The problem started in an interview Sunday when Akin was asked whether he would support abortions in cases of rape.

He responded: ‘‘It seems to me, first of all, from what I understand from doctors, that’s really rare. If it’s a legitimate rape, the female body has ways to try to shut that whole thing down.’’

Later Sunday, Akin released a statement stepping back from the quote: ‘‘In reviewing my off-the-cuff remarks, it’s clear that I misspoke in this interview, and it does not reflect the deep empathy I hold for the thousands of women who are raped and abused every year.’’

Akin also said he believes ‘‘deeply in the protection of all life’’ and does ‘‘not believe that harming another innocent victim is the right course of action.’’

Moments after Akin’s apology, President Obama said Akin’s remarks underscore why politicians — most of whom are men— should not make health decisions on behalf of women.

‘‘Rape is rape,’’ Obama said. The president said the idea of distinguishing among types of rape ‘‘doesn’t make sense to the American people and certainly doesn’t make sense to me.’’

Akin also drew a swift rebuke from the campaign of presumptive GOP presidential nominee Mitt Romney and his running mate, Representative Paul Ryan of Wisconsin.

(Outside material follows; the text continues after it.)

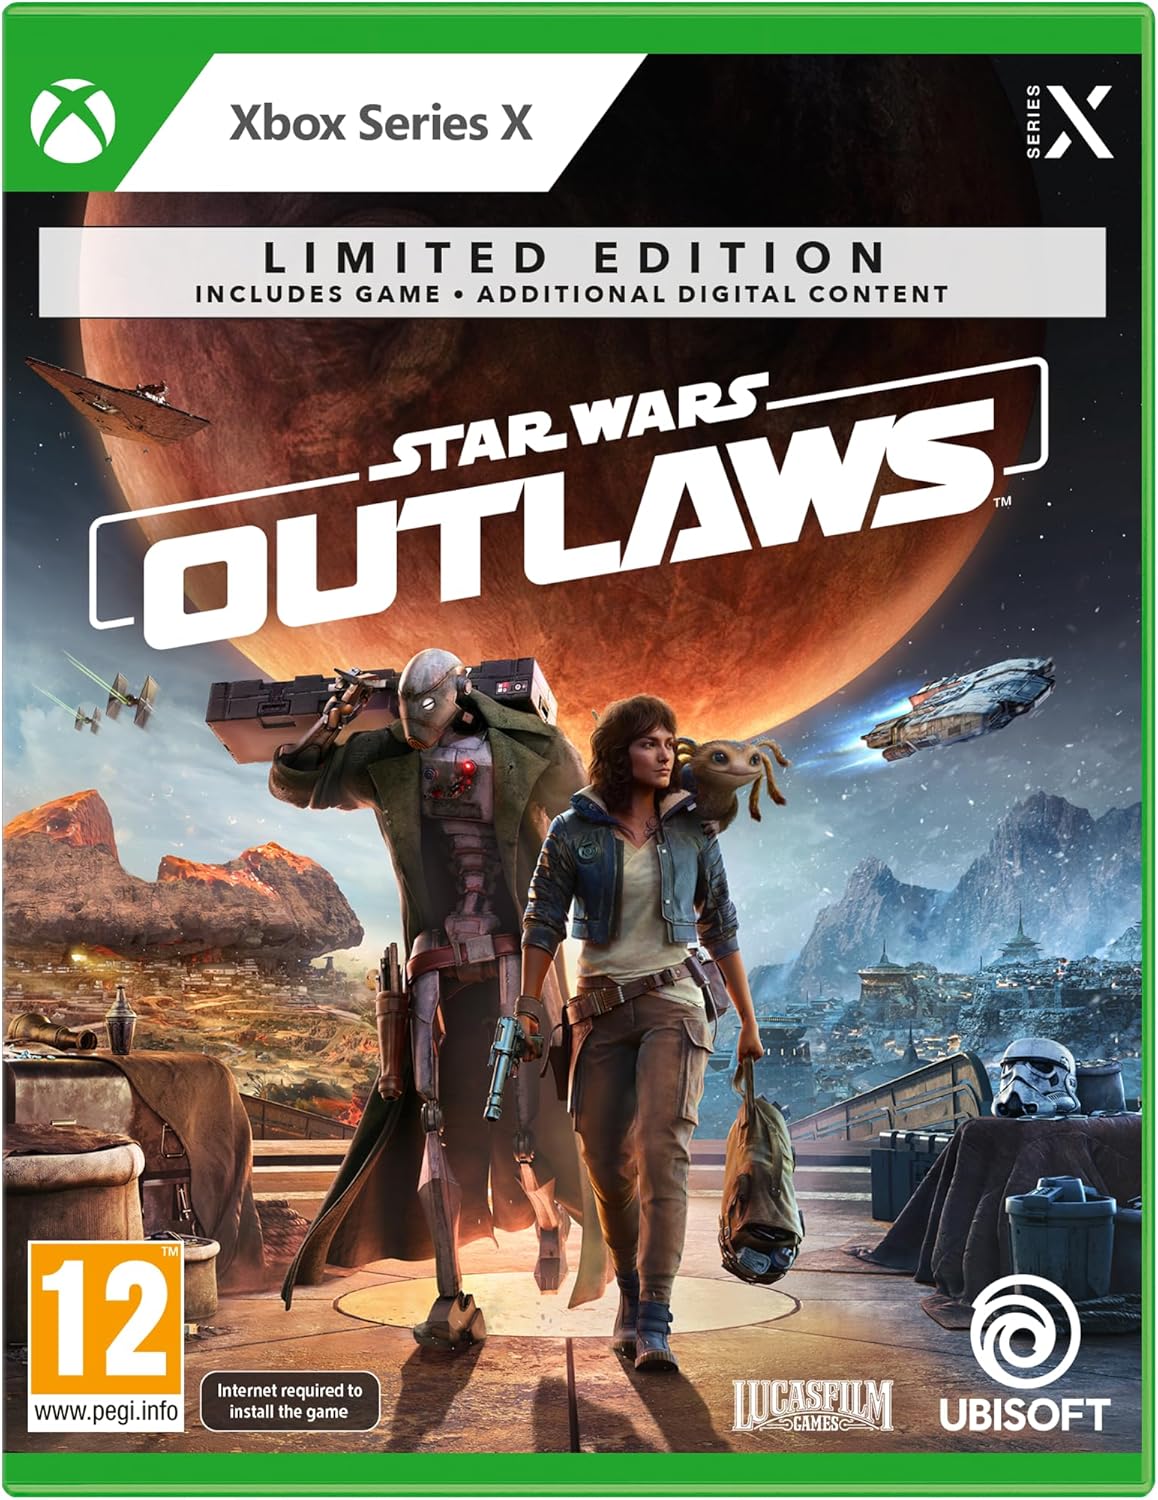 Star Wars Outlaws Digital Download Key (Xbox Series X|S): Europe

Romney and Ryan ‘‘disagree with Mr. Akin’s statement, and a Romney-Ryan administration would not oppose abortion in instances of rape,’’ Romney spokeswoman Amanda Henneberg said.

Romney went further in an interview with National Review Online, calling Akin’s comments ‘‘insulting, inexcusable, and frankly wrong.’’

Yet, Akin’s reference to “legitimate rape” echoed the “forcible rape” language contained in a bill Ryan and Akin co-sponsored last year.

That bill narrowed an exemption to the Hyde Amendment, which prohibits federal funding for abortions.

The amendment allows federal dollars to be used for abortions in cases of rape and incest, but the proposed bill would have covered only victims of “forcible rape.”

House Republicans never defined what constituted “forcible rape,” but critics of the bill suggested that the term could exclude women who are drugged and raped, mentally handicapped women who are coerced, and young women who are victims of statutory rape.